The legislative scheme
7 The Act relevantly provides:
(1) In this Act, unless the contrary intention appears:
… ship means a vessel of any kind used or constructed for use in navigation by water, however it is propelled or moved, and includes:
(a) a barge, lighter or other floating vessel;
(b) a hovercraft;
(c) an off-shore industry mobile unit; and
(d) a vessel that has sunk or is stranded and the remains of such a vessel;
but does not include:
(e) a seaplane;
(f) an inland waterways vessel; or
(g) a vessel under construction that has not been launched.
4 Maritime Claims
(3) A reference in this Act to a general maritime claim is a reference to:
(n) a claim in respect of the construction of a ship (including such a claim relating to a vessel before it was launched);
8 Act to bind Crown
(2) This Act does not authorise:
(a) a proceeding to be commenced as an action in rem against a government ship or government property;
(4) In this section:
government means the Commonwealth, a State, the Northern Territory or the Administration of Norfolk Island;
government property means cargo or other property that belongs to a government, but does not include cargo or other property that belongs to a trading corporation that is an agency of a government;
government ship means a ship that belongs, or is for the time being demised or sub-demised, to a government (including such a ship used by or in connection with a part of the Defence Force), but does not include a ship that belongs, or is for the time being demised or sub-demised, to a trading corporation that is an agency of a government.
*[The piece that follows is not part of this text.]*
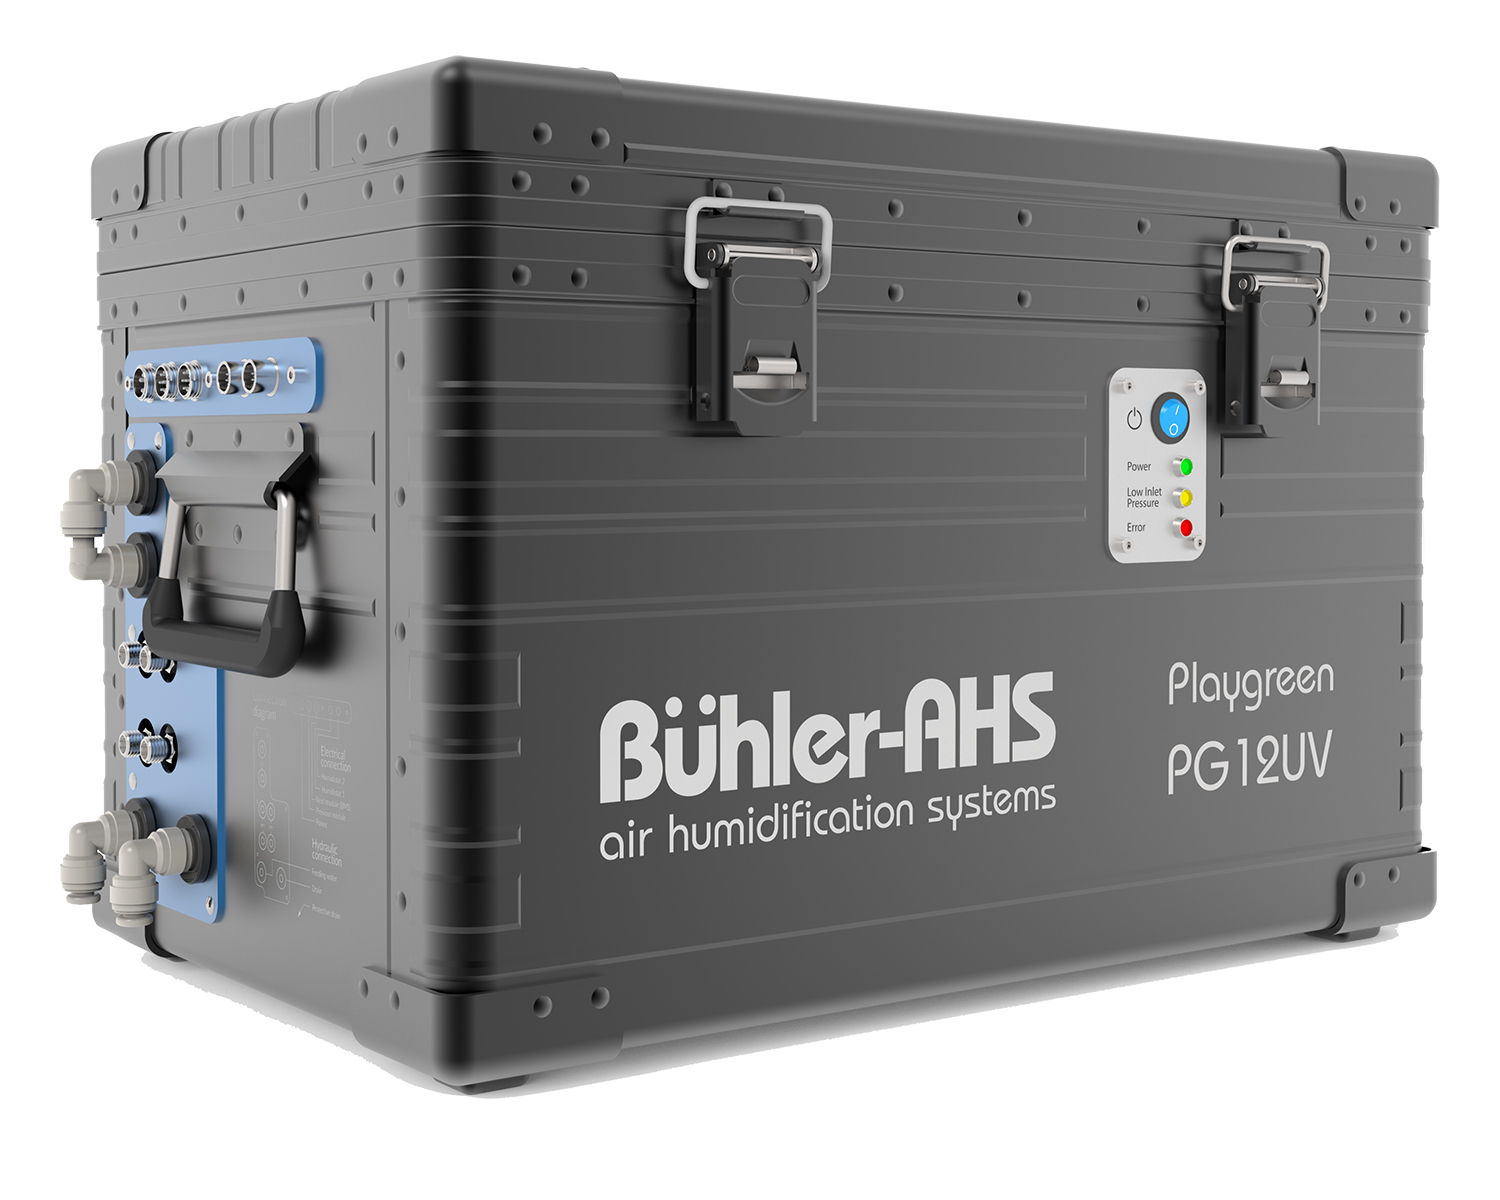 Центральный модуль система увлажнения Buhler-AHS PG12UV Playgreen 12

14 Admiralty actions in rem to be commenced under this Act
In a matter of Admiralty or maritime jurisdiction, a proceeding shall not be commenced as an action in rem against a ship or other property except as provided by this Act.
19 Right to proceed in rem against surrogate ship
A proceeding on a general maritime claim concerning a ship may be commenced as an action in rem against some other ship if:
(a) a relevant person in relation to the claim was, when the cause of action arose, the owner or charterer of, or in possession or control of, the first mentioned ship; and
(b) that person is, when the proceeding is commenced, the owner of the second mentioned ship.
(emphasis added, other than the bold and italics used for identifying the terms defined in the Act and section headings)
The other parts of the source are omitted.